Grot włóczni japońskiej (yari)
Moderatorzy: Nomad, BANAN, Marcin, Nikiel
Grot włóczni japońskiej (yari)
Nie wiem czy dobry dział ale napisze tutaj.
Chciałbym się poradzić jak lepiej (łatwiej, niekoniecznie szybciej - szybko to sie pchły łapie ) wykuć taki grot:
Chodzi mi głównie o to czy te ostrza poprzeczne zgrzać z głównym (2 kawalki zgrzac ze sobą) czy jeden kawałek np. płaskownika rozciąc na 3 do pewnego momentu i rozkuć na boki? chyba że macie lepsze pomysły na wykucie tego grotu?
Chciałbym się poradzić jak lepiej (łatwiej, niekoniecznie szybciej - szybko to sie pchły łapie ) wykuć taki grot:
Chodzi mi głównie o to czy te ostrza poprzeczne zgrzać z głównym (2 kawalki zgrzac ze sobą) czy jeden kawałek np. płaskownika rozciąc na 3 do pewnego momentu i rozkuć na boki? chyba że macie lepsze pomysły na wykucie tego grotu?

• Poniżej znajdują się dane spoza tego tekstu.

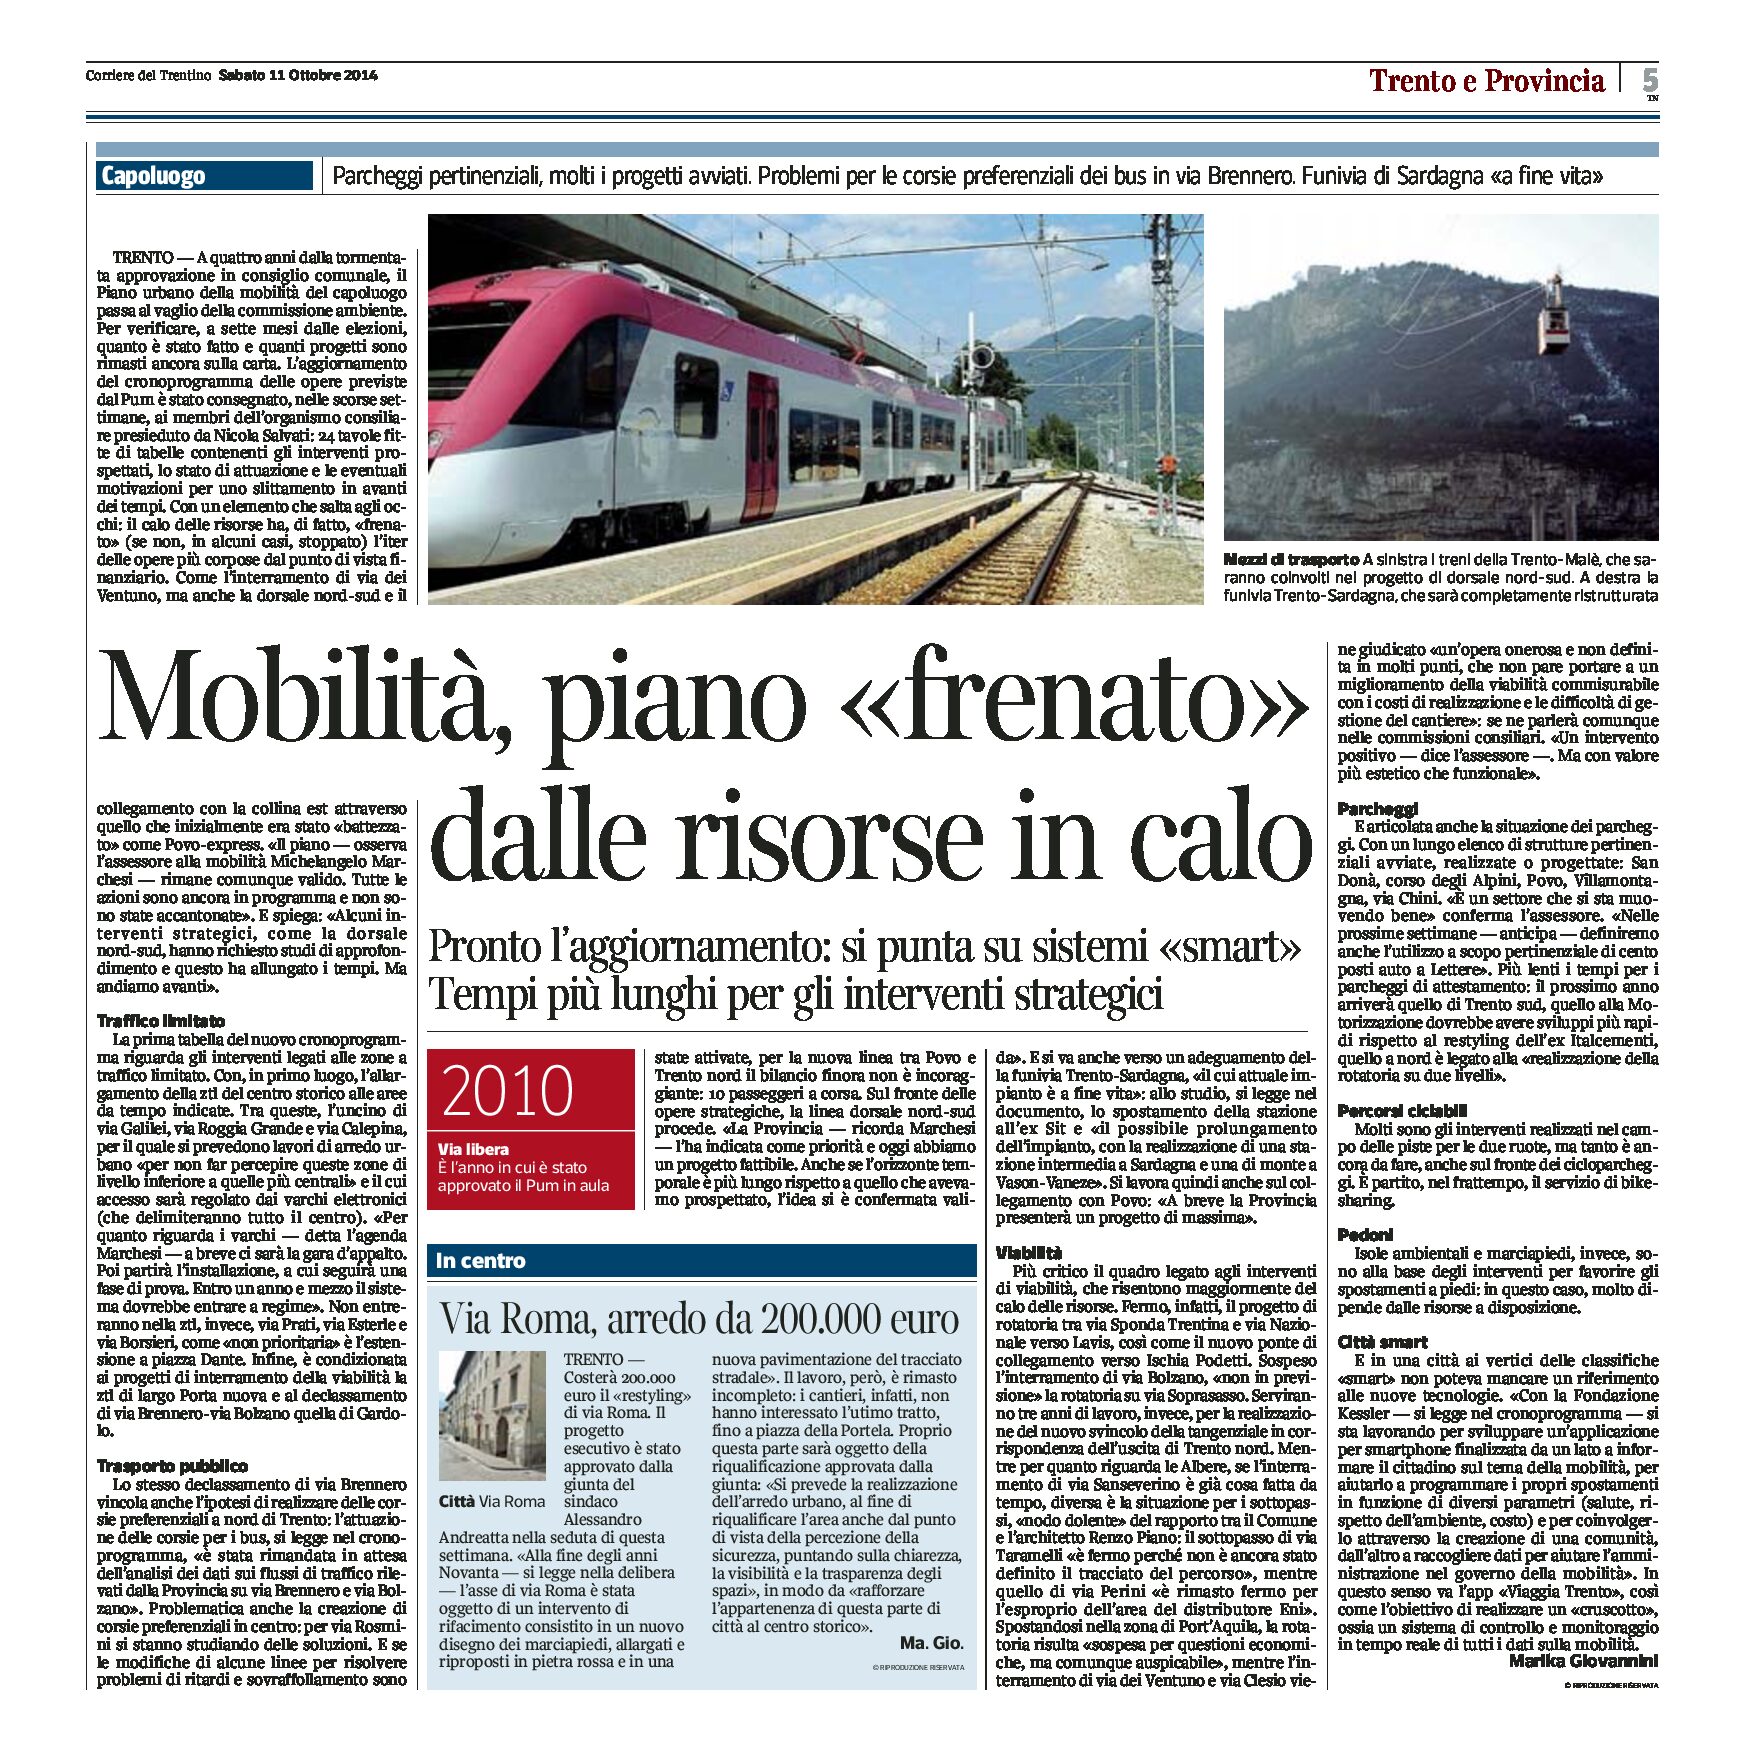 Trento: il Piano urbano della mobilità frenato dal calo di risorse. Si punta su sistemi “smart”

What man is a man who does not make the world better?
yakiba, to ma być grot jumonji yari jak na zdjeciu tyle ze stępiony do walki w ruchu rycerskim więc nie musi byc tak odpicowany i robiony specjalnymi sposobami, chodziło mi bardziej o sposob zgrzania lub rozgiecia tych bocznych ostrzy i przy najblizszej okazji bede probował sposobu z rozginaniem.
What man is a man who does not make the world better?
Akurat zaczynasz od najtrudniejszej sztuki ale rozumiem - też mi się podoba, zwykłe yari najlepiej zacząć od nakago ale fragment miedzy nakago a ostrzem trudno wykuć z ręki zwłaszcza samemu.Tu wystarczy prosty przyrząd ale i samo ostrze ma zbyt duży kąt żeby bez babki to zrobić , no chyba ,że do walki wystarczy zrobić tak mniej więcej poprawnie. Też bym rozciął płaskownik ale taki co najmniej 10mm.A swoją drogą robiłem ostatnio oprawę do takiego ostrza. Ostrze zresztą bardzo ciekawe bo w kilku miejscach miało wstawki żelaza zakute na zimno w miejscach gdzie prawdopodobnie było rozlaminowanie. Własciwie bym tego nie zauważył ale ostrze było lekko podrdzewiałe i musiałem je doszlifować.